EXERCISE BRIEF - Could you print the stretch of lines below from the one with "Batman: Gotham Adventures #43 preview images" through the one with "Ein paar Touristen", exactly as they stand and without any pictures?

RECORDS SUPPLIED -
*** Begin section ***
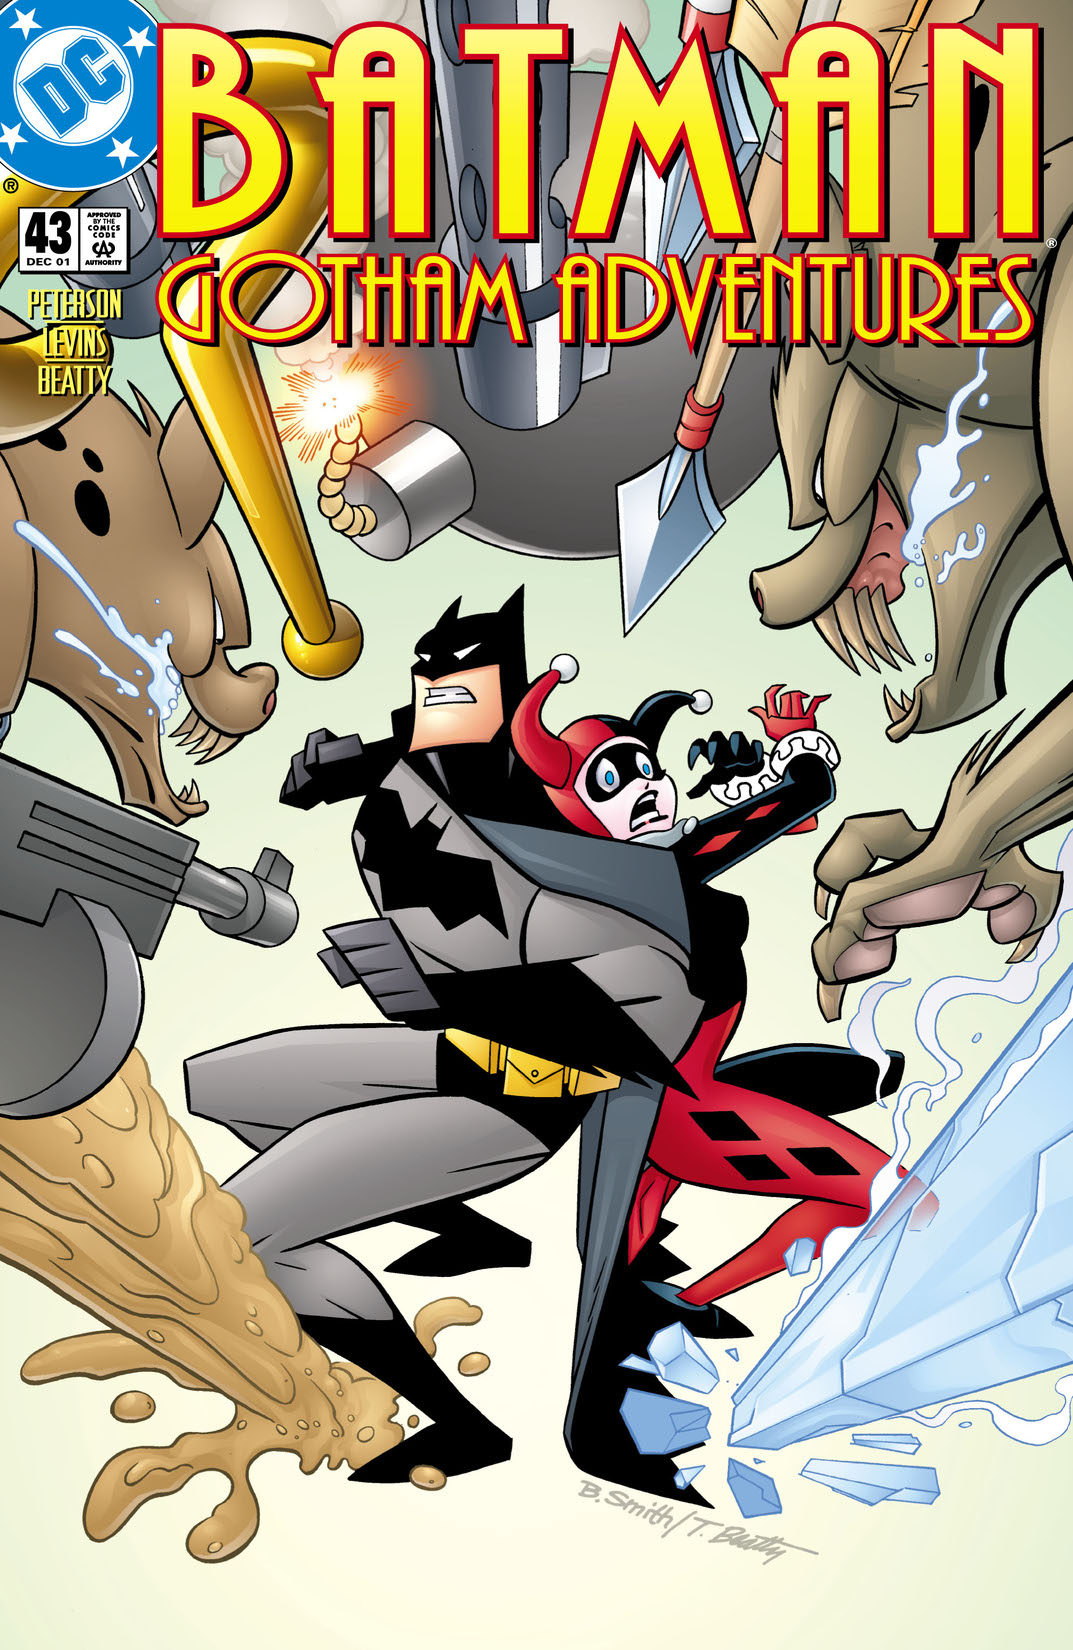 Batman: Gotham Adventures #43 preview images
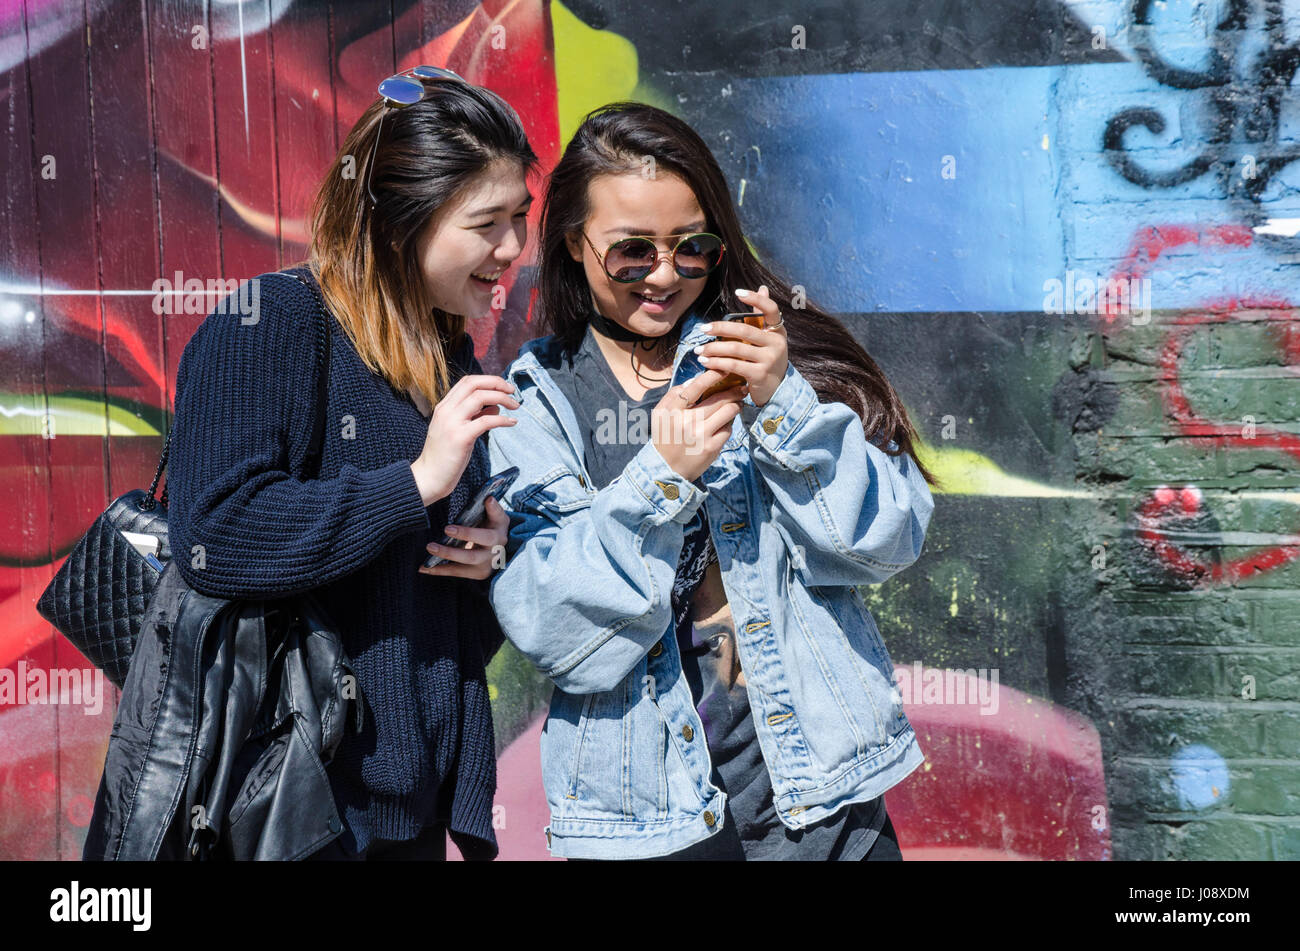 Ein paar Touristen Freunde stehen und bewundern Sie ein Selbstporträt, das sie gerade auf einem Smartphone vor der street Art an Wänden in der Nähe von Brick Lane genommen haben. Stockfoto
*** End section ***
*** Begin section ***
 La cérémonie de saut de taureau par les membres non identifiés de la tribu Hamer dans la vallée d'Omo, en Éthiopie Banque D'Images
*** End section ***
OUTPUT BELOW -
 Batman: Gotham Adventures #43 preview images
 Ein paar Touristen Freunde stehen und bewundern Sie ein Selbstporträt, das sie gerade auf einem Smartphone vor der street Art an Wänden in der Nähe von Brick Lane genommen haben. Stockfoto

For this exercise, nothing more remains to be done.